Today, Alice Waters may be the most important figure in the culinary history of North America. Chez Panisse revolutionized what it means to eat out and gave birth to a new nationwide cuisine-the first in this country not associated with a single region or ethnic group, the first "American" cuisine. Gourmet's 2002 appraisal ranked Chez Panisse as the best restaurant in America, and The New York Times has called Alice "the mother of American cooking." Alice has become a public figure, revered and idolized by many. The first "foodie," she has become a famous chef, activist, advocate, and spokeswoman whose personal beliefs have become the values of an entire food movement. But her complex personal character is hardly known at all.
Thomas McNamee was selected by Alice to document her story and was given exclusive access to her and her closest friends, to the Chez Panisse archives, and to private collections and memorabilia. As the story unfolds over the decades, we learn of her many passionate loves, her marriage, her divorce, the birth of her daughter Fanny, her failures, her critics. We come to know the extraordinary cast of characters who have formed the ever-shifting Chez Panisse community-a make-shift family with complex relationships, competing interests, and a strange, almost cultish, devotion to each other and to their work.
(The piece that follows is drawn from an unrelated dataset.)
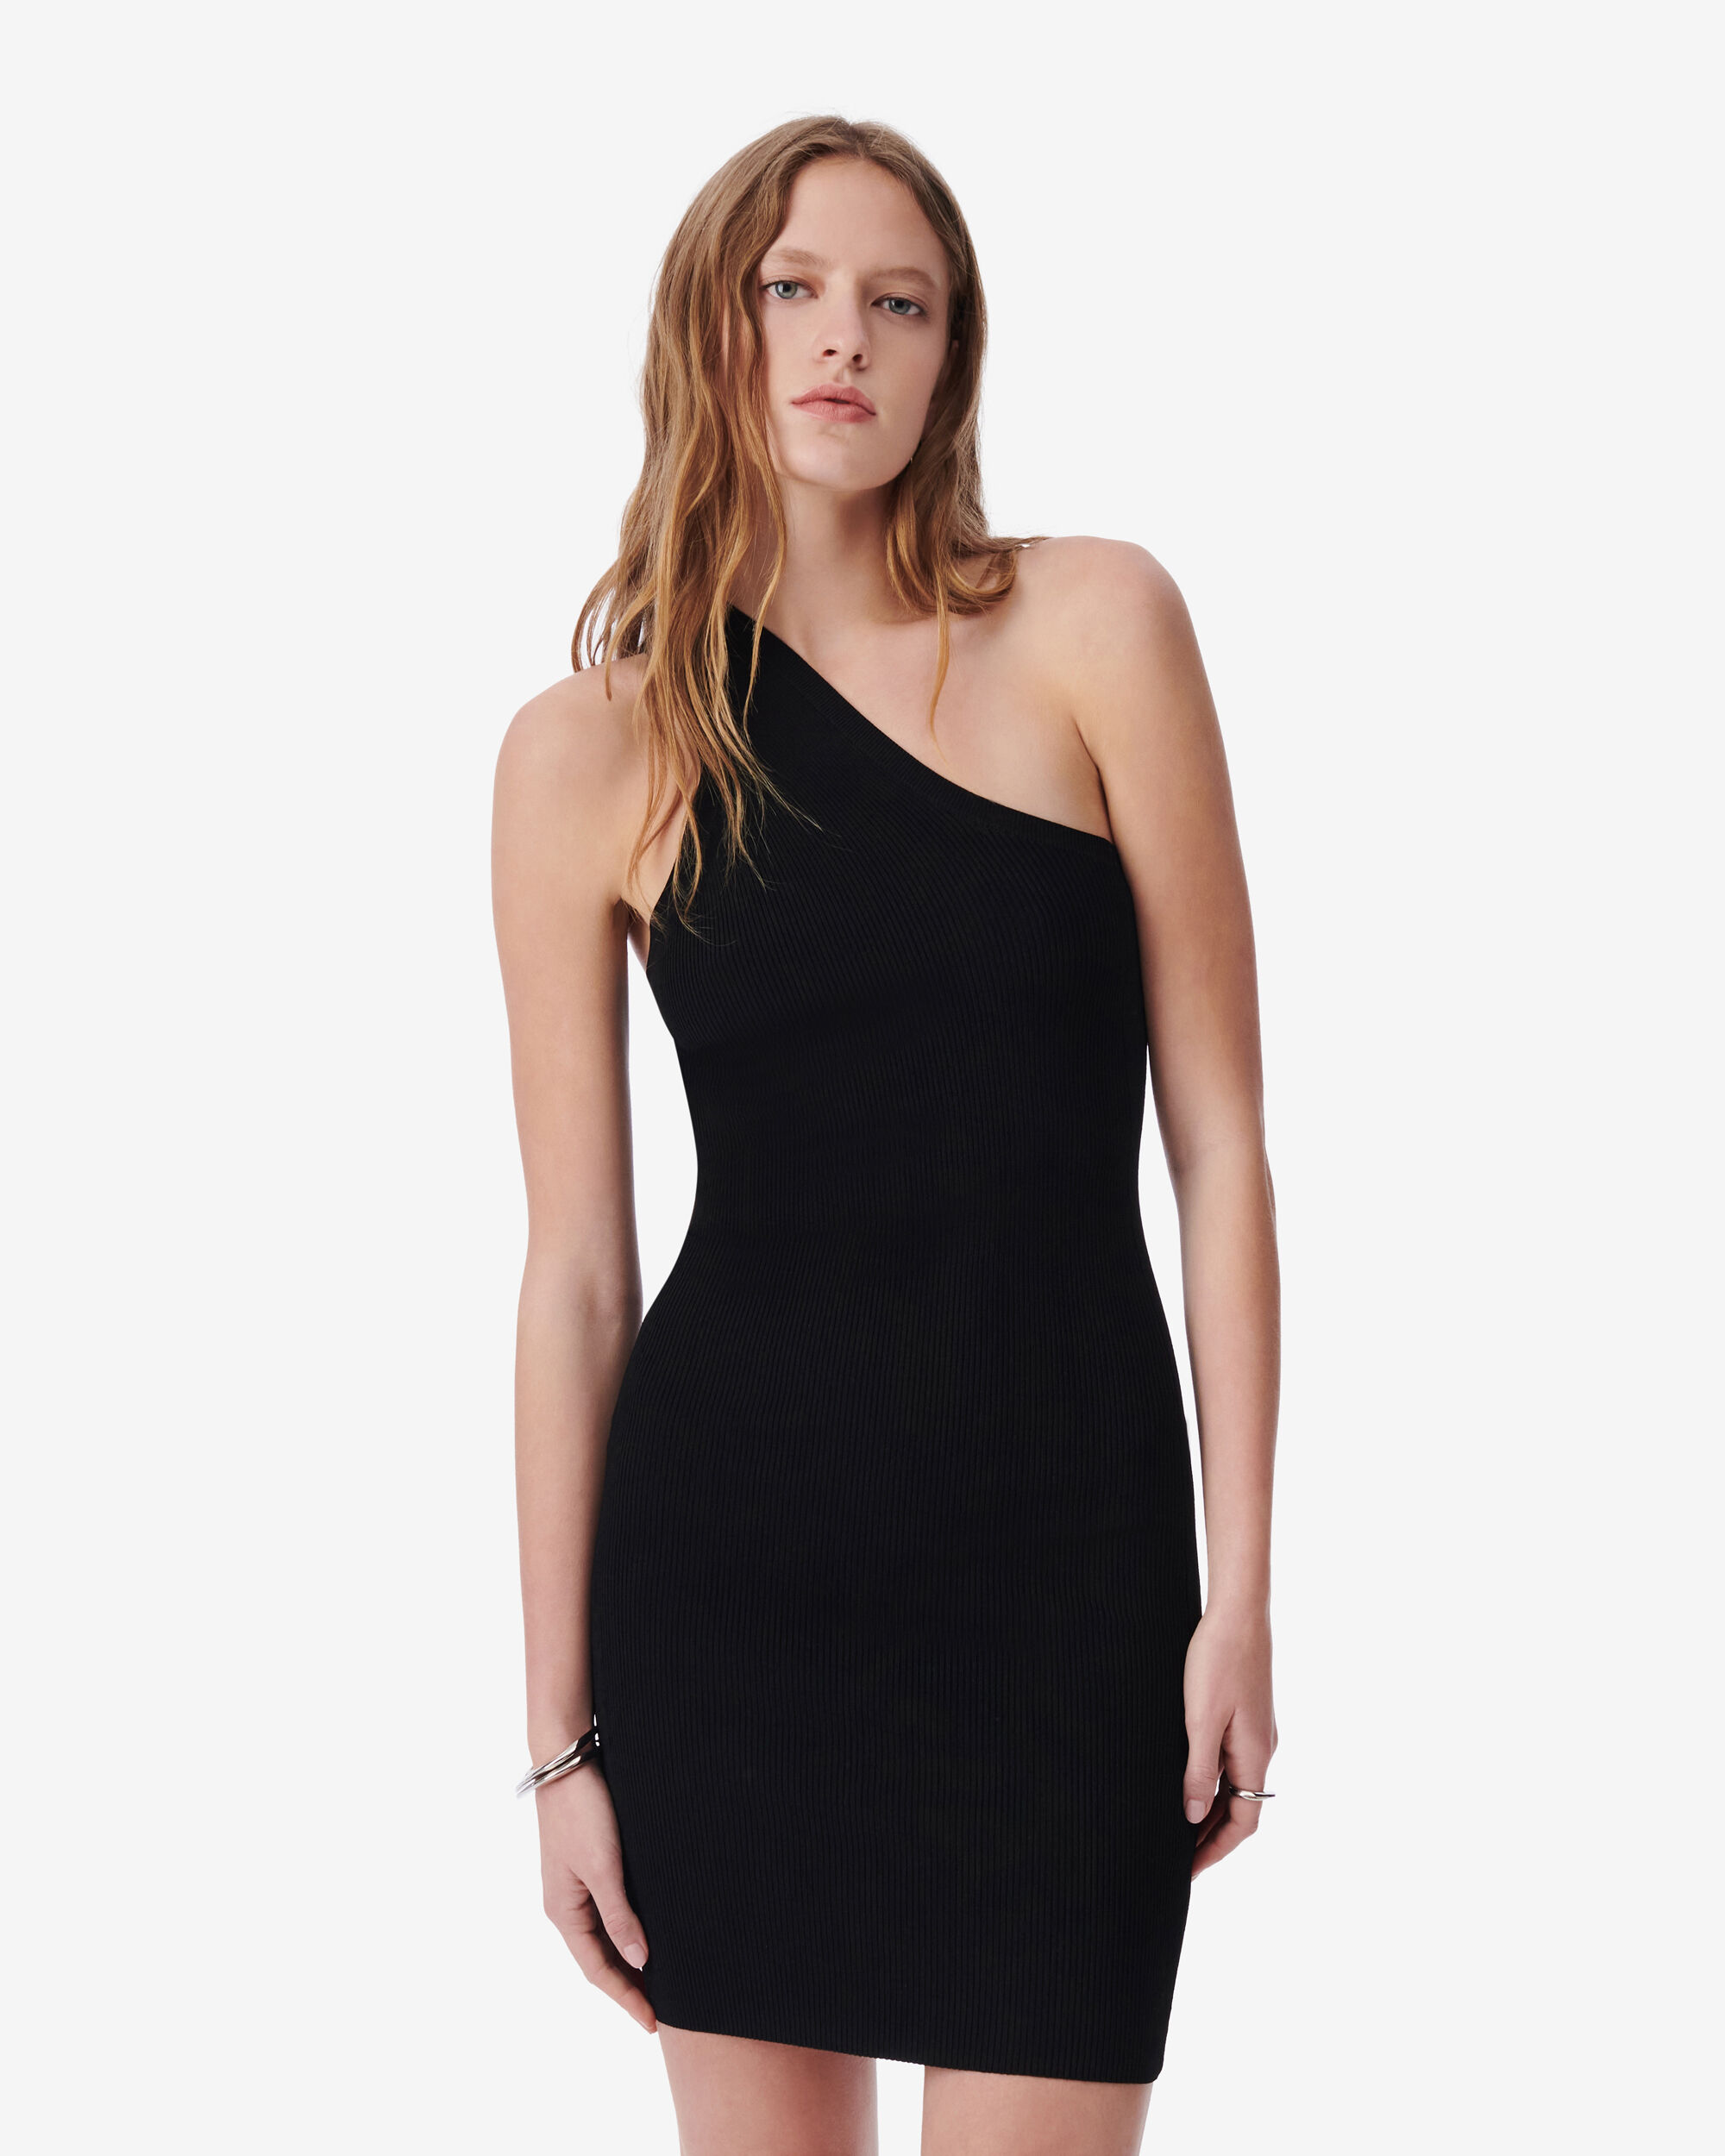 Women's dresses - IRO | Official online store

Thomas McNamee was born in Memphis, Tennessee, in 1947, and grew up there and in New York City. He graduated from Yale University in 1969. He is the author of The Grizzly Bear, Nature First, A Story of Deep Delights, and The Return of the Wolf to Yellowstone. He wrote the documentary film Alexander Calder, which was broadcast on the PBS American Masters series in 1998 and received both a George W. Peabody Award and an Emmy. His essays, poems, journalism, criticism, and natural history writing have been widely published, and he is a frequent contributor to The New York Times Book Review.